WVU unveils new Web site of law students blogging from Brazil

By The West Virginia Record | May 31, 2007

MORGANTOWN -- Crocodiles, piranhas and pink dolphins. Not your typical classroom setting.

But for 25 West Virginia University College of Law students currently participating in the Legal Study in Brazil Program, it has become a way of life as they cruise down the Amazon River while studying international and comparative law in Brazil.

And starting this week, readers can take part in the experiences as described by the students through a new Legal Study in Brazil blogging Web site, located at http://lawinbrazil.blogs.wvu.edu/.

The site debuted with students Aimee Lim, Allen Mendenhall, Arthur Bryan II and Joe Garcia guiding readers through their adventures and sharing the insights they are gaining along the way.

An integrated effort of the Division of University Advancement and Marketing, with support from Web Services and News and Information Services, the site is a follow-up to the popular student "Blogging from Abroad" Web site, http://fromabroad.blogs.wvu.edu/, which has so far featured students' learning experiences in Italy and Japan.

Carla Williams, assistant dean of development and external relations at the law school, has been facilitating the blog logistics in Morgantown. "For the first week, they are boating on the Amazon. They will have some course work on the riverboat and will get the opportunity to meet with local communities along the way," she said.

"The second part of the trip will take them to Vitória and Rio de Janeiro, where they will stay with students from the Centro Universitario de Vila Velha; visit legal institutions, including a Brazilian court and judiciary panel; have classes in a Brazilian law school; and attend seminars on various topics such as international environmental law."

The students are accompanied by professors Kevin Outterson, who originated the idea for the program, andre cummings and Joyce McConnell.

The College of Law's Web site (http://www.wvu.edu/~law/Brazil_Web/index.htm) says no special language skills are required to participate, just a sense of adventure, which is evident by the students' rich, descriptive passages on the site and breath-taking photographs.

"The entries give a real flavor of what the trip is like," Williams said.

Lim's entry dated May 21 describes the aquatic journey. "Water the color of iced tea greets us at the beach. Monkeys sit on top of roofs as casually as pigeons perch in the States. The two-level boat has become home to us," she writes.

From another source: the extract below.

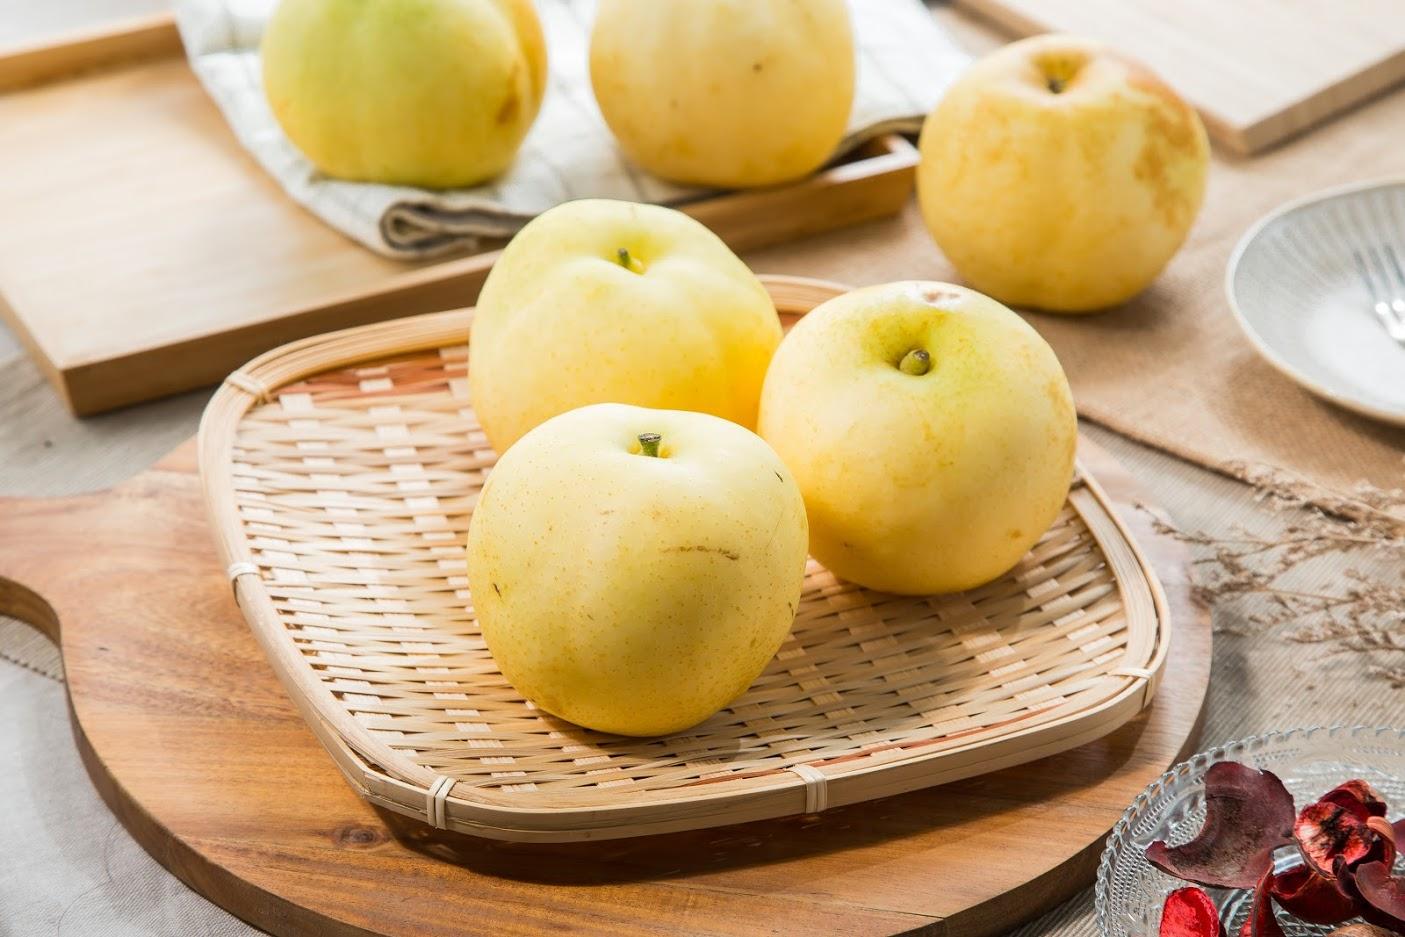 梨子知識 原來梨子這麼養生!久咳不止吃冰糖燉梨就對了

"I fell in love with my hammock immediately after the first night's sleep, and this feeling only grew deeper when I woke up that first morning to see that each of us was nestled in a hammock of a different color."

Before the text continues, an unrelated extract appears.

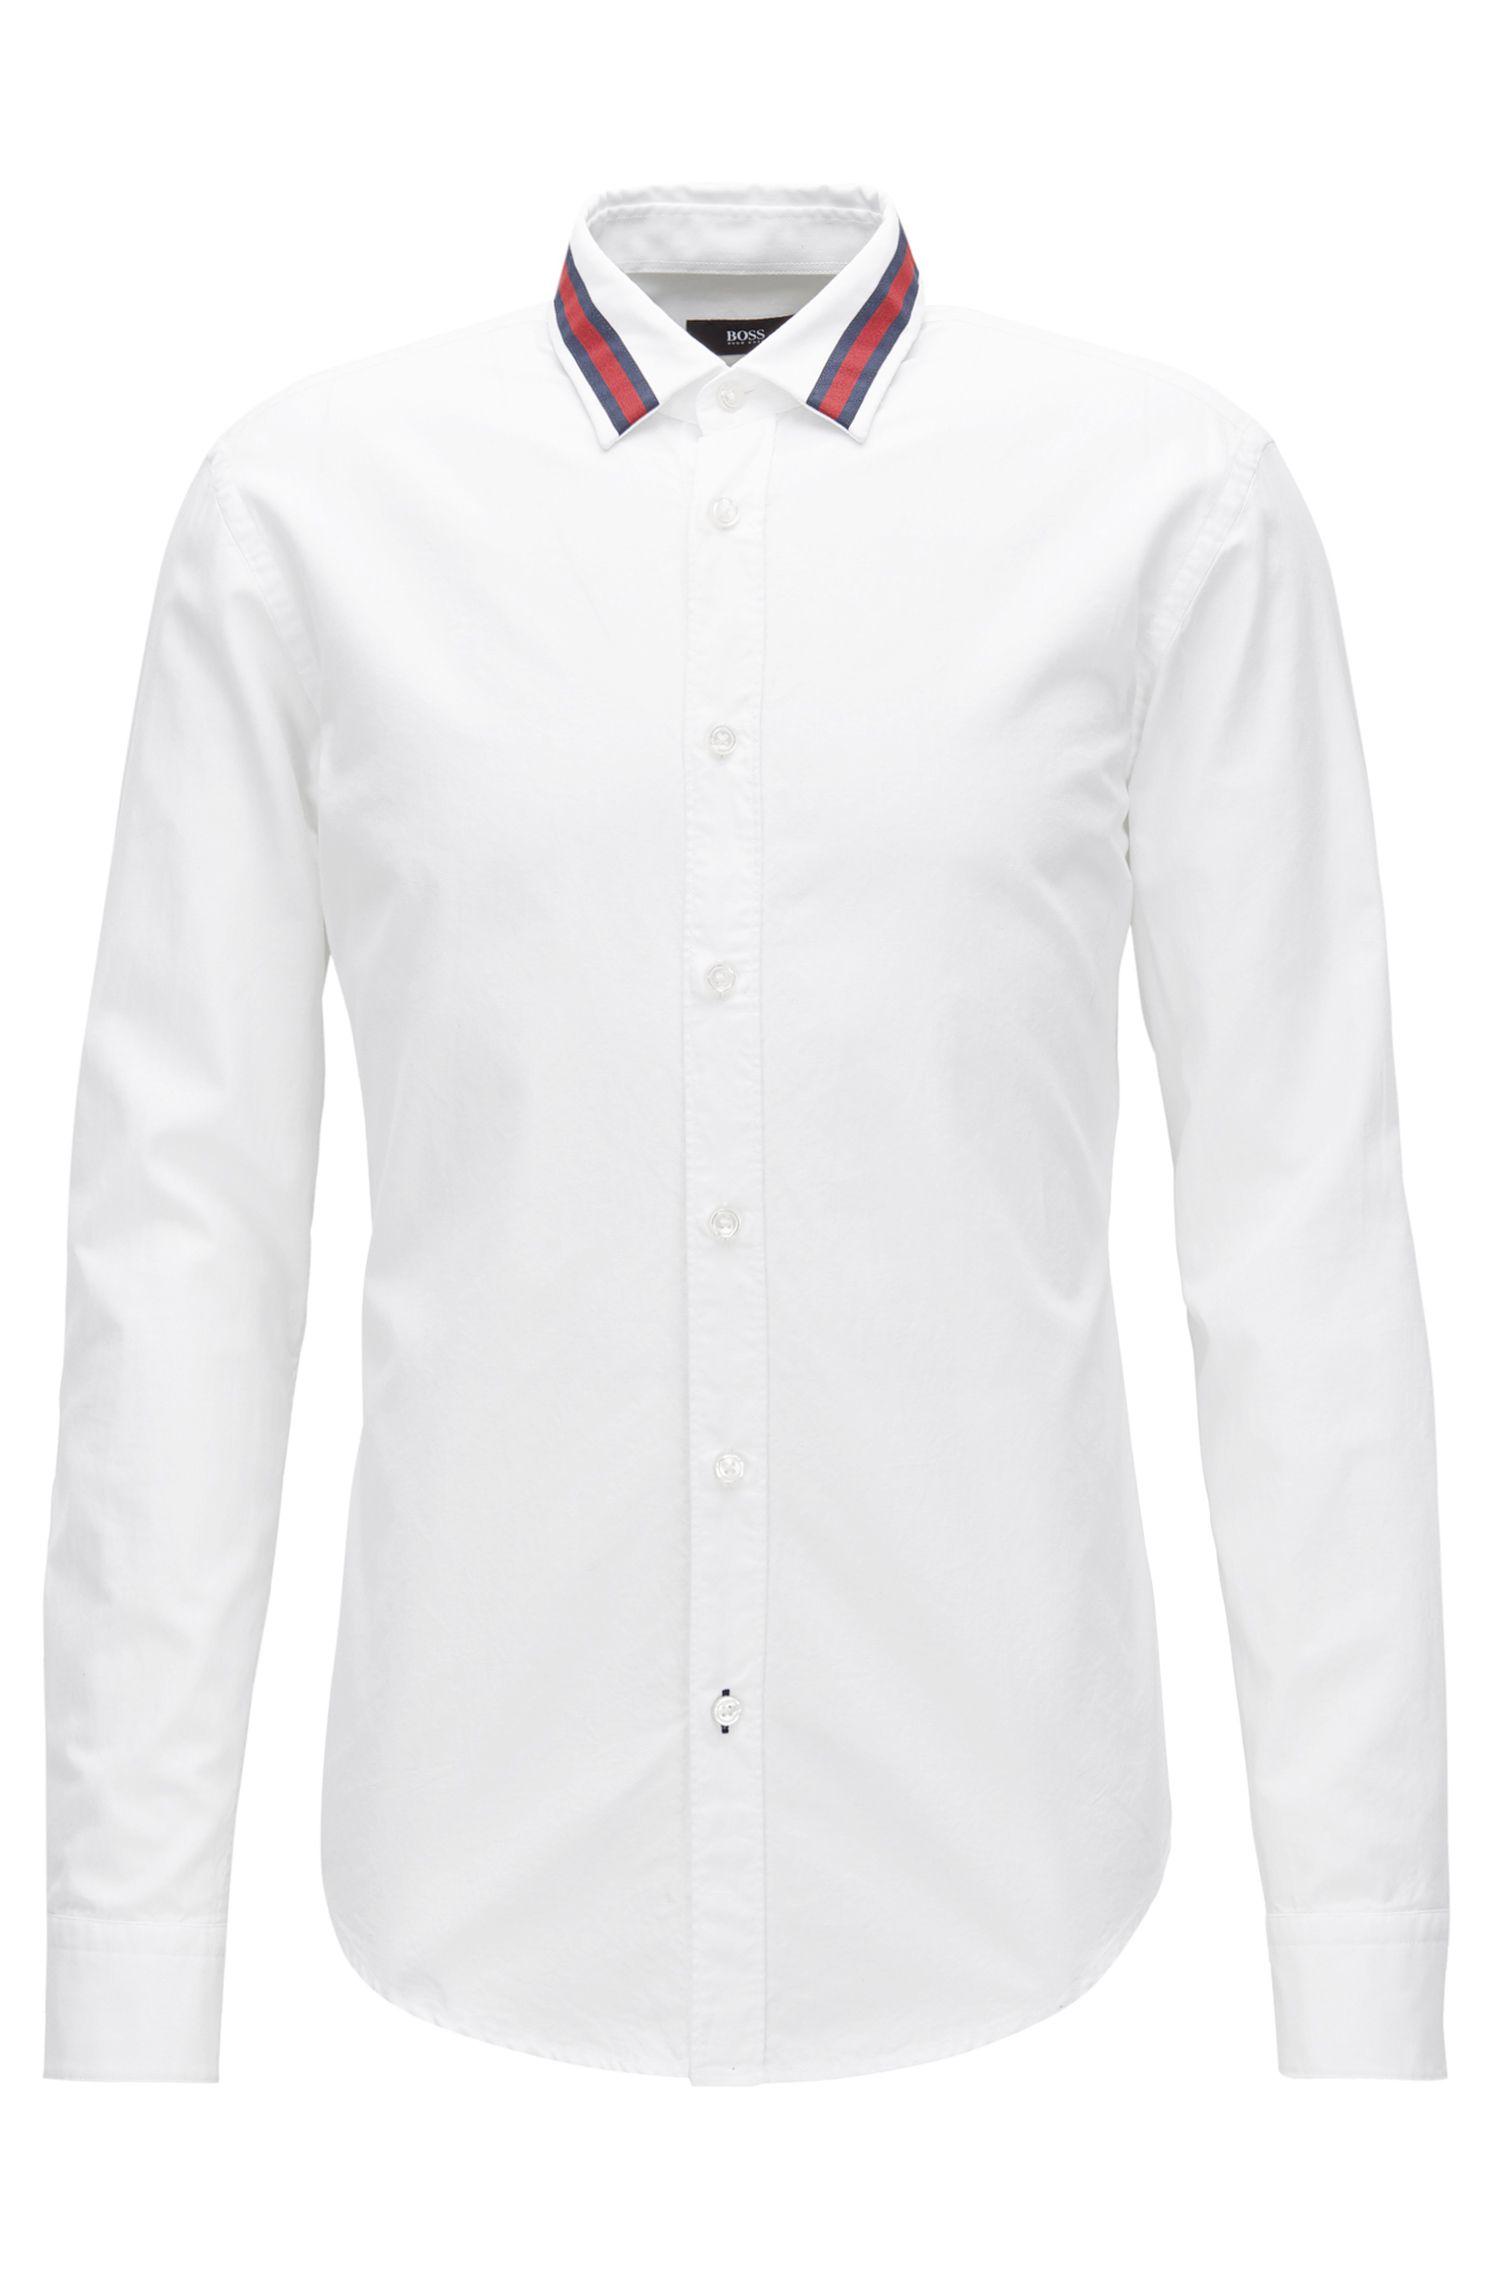 Grosgrain Oxford Button Down Shirt, Slim Fit | Ronni R

Lim also describes how seeing the poverty in Brazil is affecting her in the May 17 entry. She writes, "Making sense of all that we've seen and read here in Brazil, the students and professors shared a dialogue, shortly before lunch, about corporate responsibility and poverty-not just corporate responsibility and poverty in Brazil, but corporate responsibility and poverty everywhere."

Students who participate in the trip have reading assignments in the fall and spring semesters and the opportunity to take Portuguese classes at the law school to prepare for the experience although all of the classes on the trip are given in English.

According to Williams, the students' adventure began May 13 and will end June 2.

A seven-minute video about the 2006 trip can be accessed at http://www.wvu.edu/~law/Brazil_Web/Video.htm and is also available on the popular Web site, "You Tube."

Outterson states in the video, "One thing I really like about Brazil is…it's different enough from the United States that when people go there they know they're not at home. And I like that, as an academic environment…. They don't know what to expect. They know that the rules are different. They're not sure how the law works. They don't know how the culture works. We make all sorts of mistakes and have all sorts of fun, but in doing so, it helps us to question some of the foundations of our own culture or our own background."

Outterson adds that he wants students to see the incredible wealth and poverty that coexist in Brazil and begin questioning the same things about America. "Those are the types of things that if somebody comes away from Brazil, and they've had a great time and made lots of good friends, but have these deeper questions bothering them, chasing them, back in the United States, then I'm happy."